Molecular signatures based on gene expression patterns of breast carcinomas, specifying different subtypes of tumours, have been identified by the use of DNA microarrays [5-7]. Specifically, the set of 552 "intrinsic" genes reported by Perou and Sorlie [6] was found to segregate breast cancers into 5 distinct groups based on gene expression profile. This profile has been validated in later studies and also shown to have prognostic value [5,7-9]. Two of the subtypes (luminal A and luminal B) belong to the estrogen receptor positive (ER+) group of tumours, while the tumours in the three other subgroups (basal-like, ERBB2+ and normal-like) in general, all are estrogen receptor negative (ER-). Interestingly, the estrogen receptor alpha and HER2/ERBB2, the major parameters characterizing 3 of the 5 different classes, are the goals for the most successful targeted therapies in breast cancer, underlining a fundamental role in biological control.
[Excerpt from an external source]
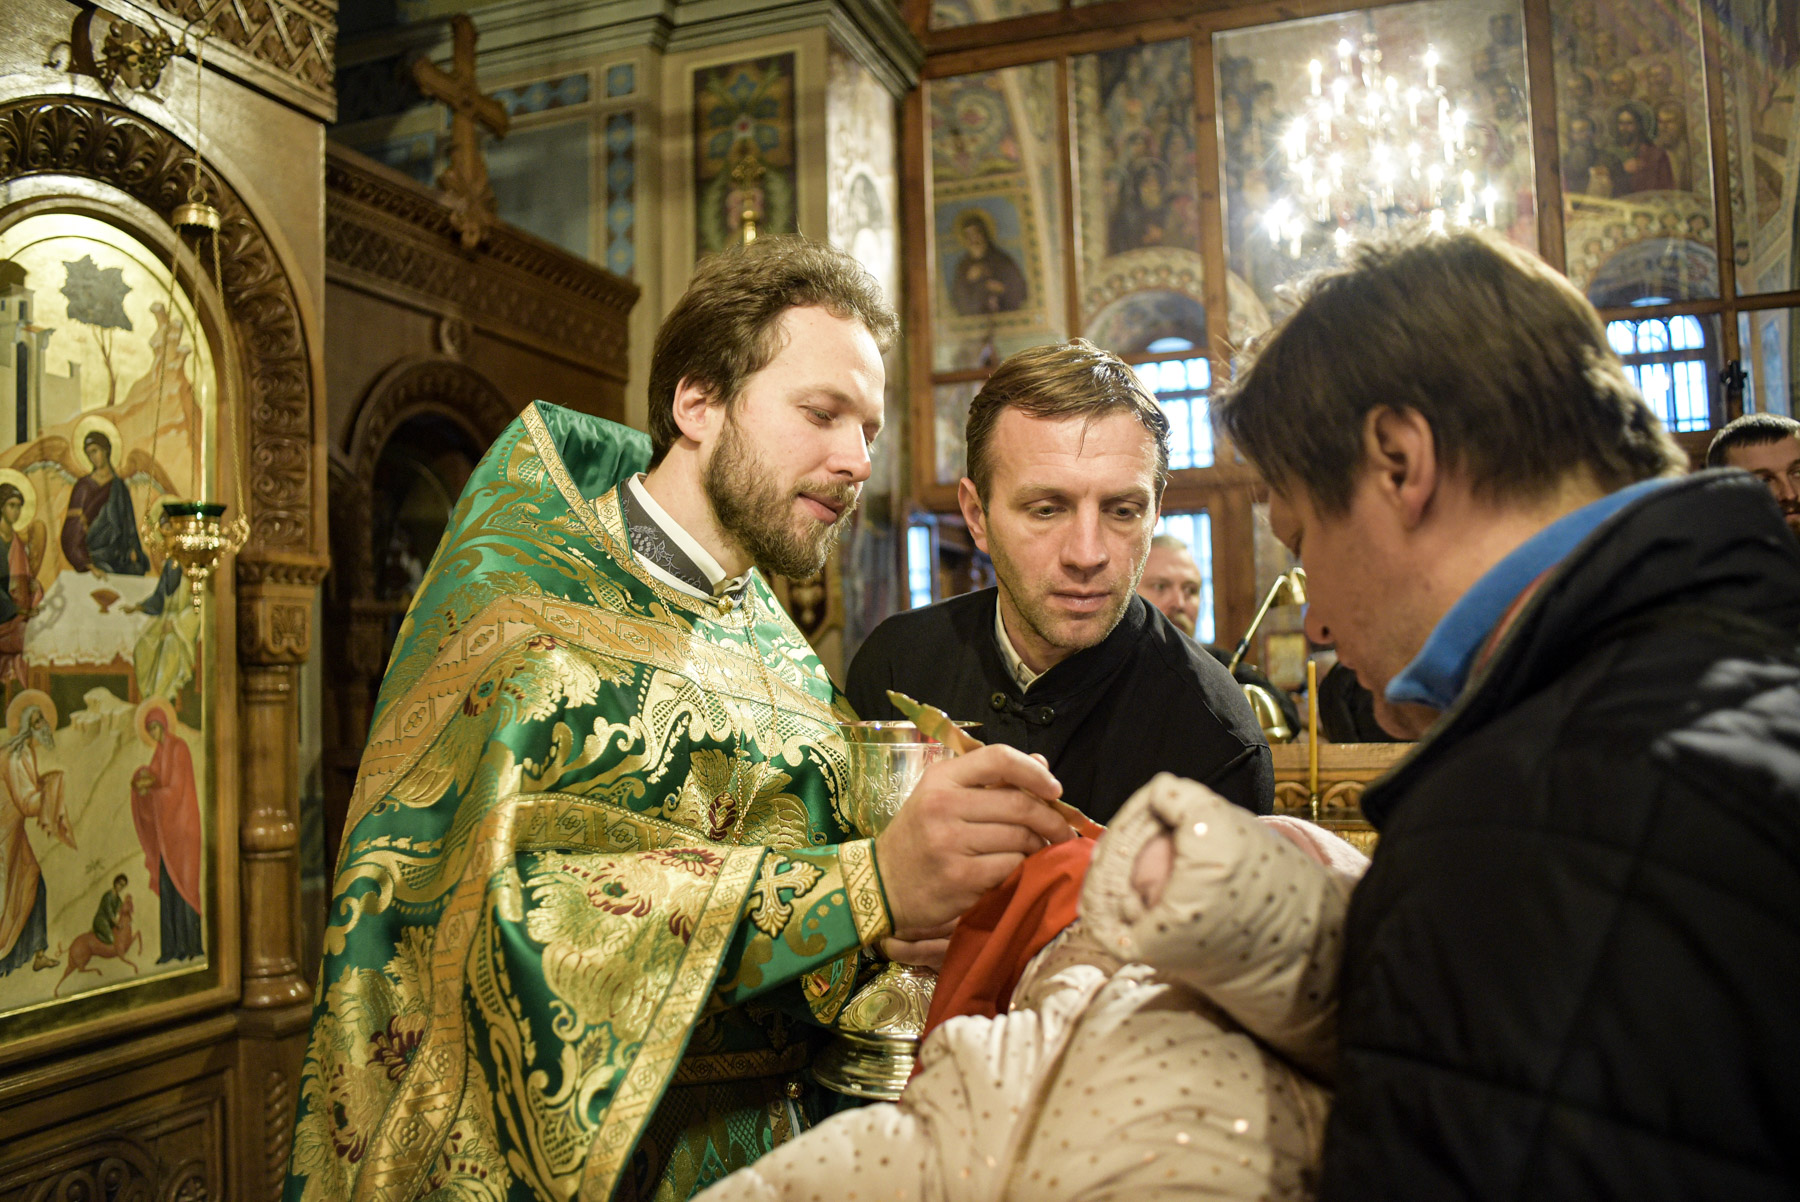 photos of orthodox christmas 0247 1
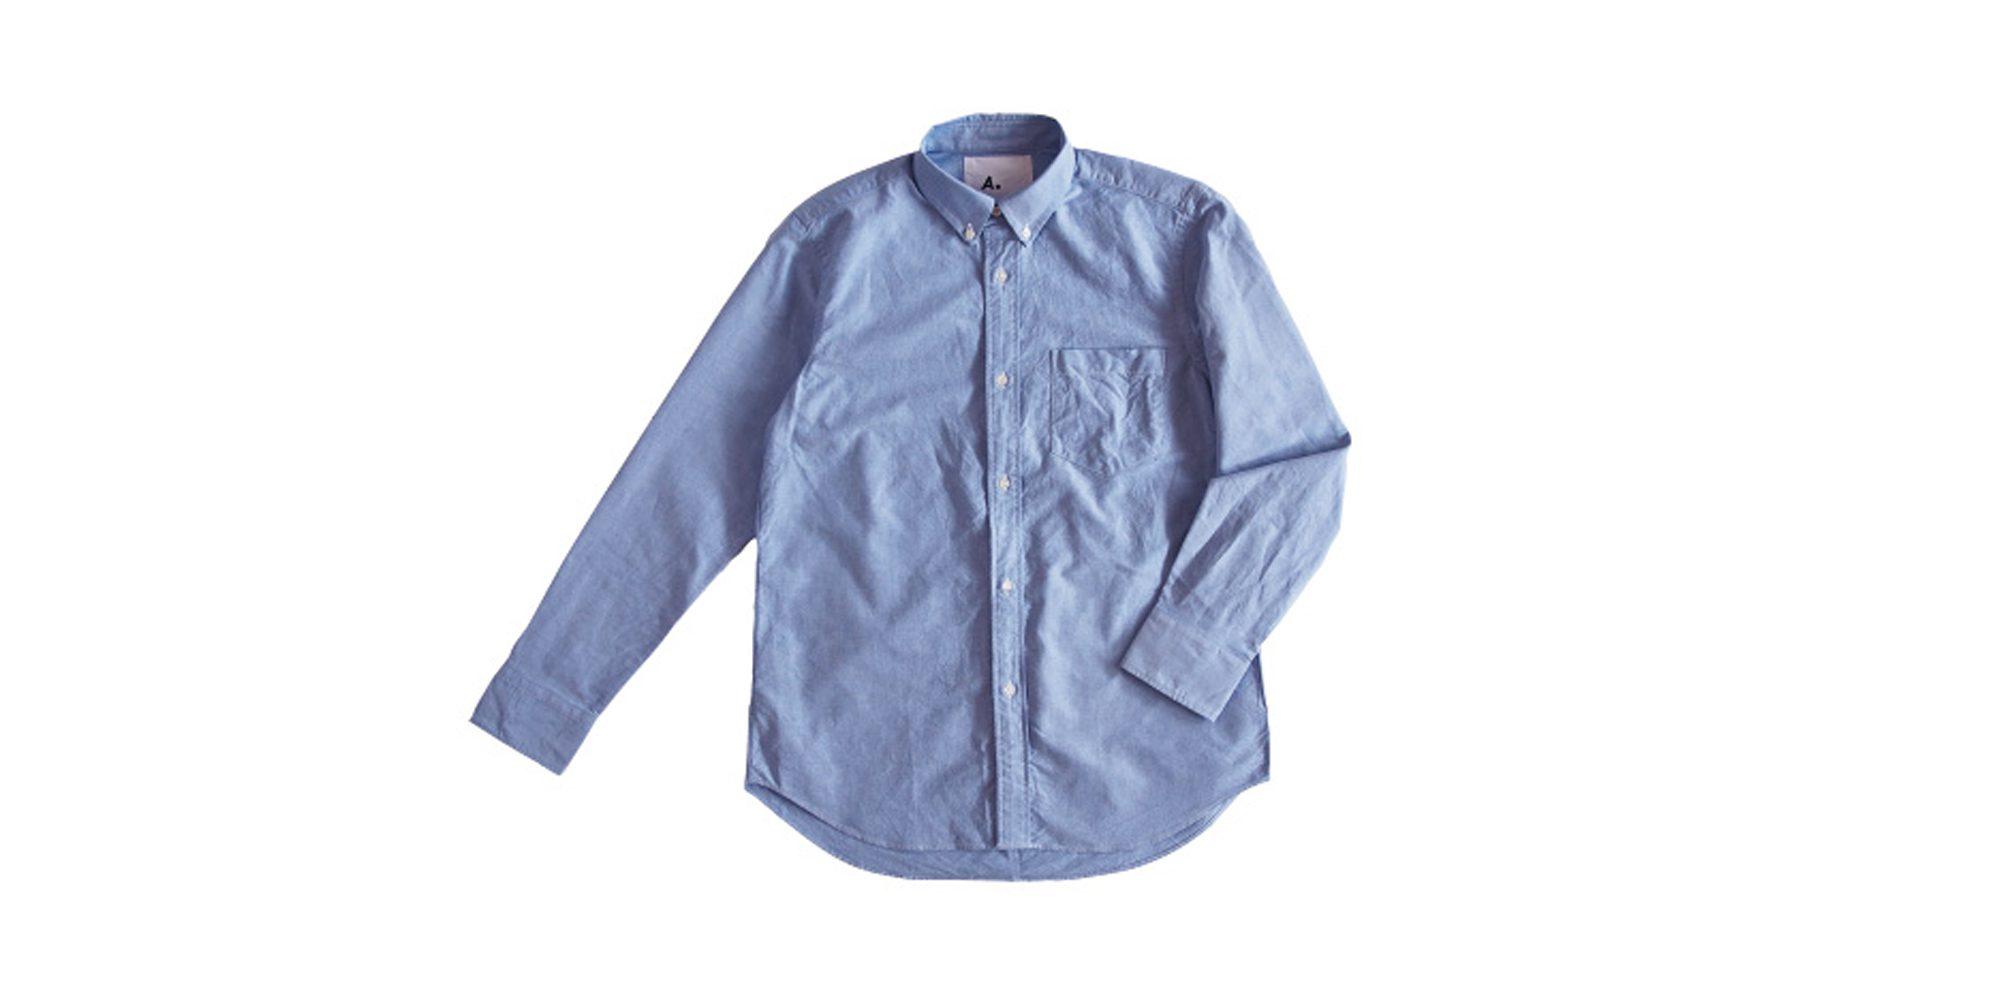 A. Men'sオックスBDシャツ

Gene expression patterns from 269 genes selected to optimally define the different subtypes of breast cancer were analyzed in breast tumours and normal tissue from 31 individuals (20 early breast carcinomas, 7 locally advanced breast carcinomas and 4 normal tissue samples). The aim of this pilot study was to investigate whether this type of arrays would have the potential as a diagnostic tool for molecular classification in a clinical setting.
Here we show that the MetriGenix 4D™ arrays with a limited number of carefully selected probes, perform similarly to other microarray platforms, although technical difficulties were experienced with the prototype system.
Methods
Tumour material and RNA extraction
In total, 27 breast tumour samples and 4 normal tissue samples were analyzed in this study. Among the tumour samples, 20 biopsy tissues from early breast carcinomas were included of which ten have been previously sub-classified as luminal subtypes, the other half as non-luminal subtypes using traditional two-dimensional microarray platforms such as Stanford cDNA arrays, Agilent Human Whole Genome Arrays and Applied Biosystems Human Genome Survey Microarrays [10]. Furthermore, tumour tissues from 7 locally advanced breast cancers were also included. These samples are part of a cohort of thirty-five patients, and have previously been described [11]. Three were classified as luminal subtypes and four as non-luminal subtypes [9]. In addition, control samples were taken from mastectomy specimens from four breast cancer patients. We selected tissue distant from the tumour, and verified that it consisted of unaffected breast tissue by HE (haematoxylin-eosin) stains of frozen sections. The scientific protocols (tissue sampling and laboratory analysis) of the samples were approved by the Regional Committee for Medical Ethics (health region II) for the M-samples (reference S- 97103) and Regional Committee for Medical Ethics (health region III) for the F-samples (reference 39/92–69.91).
Total RNA was extracted from fresh frozen tissue samples by using TRIzol® (Invitrogen, Carlsbad, CA, USA) as described by the manufacturer. The RNA quality was evaluated by microcapillary electrophoresis using an Agilent 2100 Bioanalyzer (Agilent Technologies, Palo Alto, CA, USA) and concentration measured by using NanoDrop (NanoDrop Technologies, Wilmington, DE, USA).
Selection of genes immobilized on the MetriGenix-Chip
We selected 269 genes that best represented the classification scheme in breast cancer to be synthesized and immobilized on the MetriGenix-Chip (see Additional file 1 for a complete listing of probes). The genes were selected from the intrinsic gene list as defined in Perou et al. 2000 [6] and Sorlie et al. 2001/2003 [8,9] by a semi-supervised method. A nearest shrunken centroid analysis using PAM was performed to reduce the number of genes in the classification scheme. Thus, the top 226 genes from this list were included in the 269 selected for syntheses. In addition, genes that distinguish lobular from ductal carcinomas [12], and cell cycle associated genes were added to the chip to enable other types of classification.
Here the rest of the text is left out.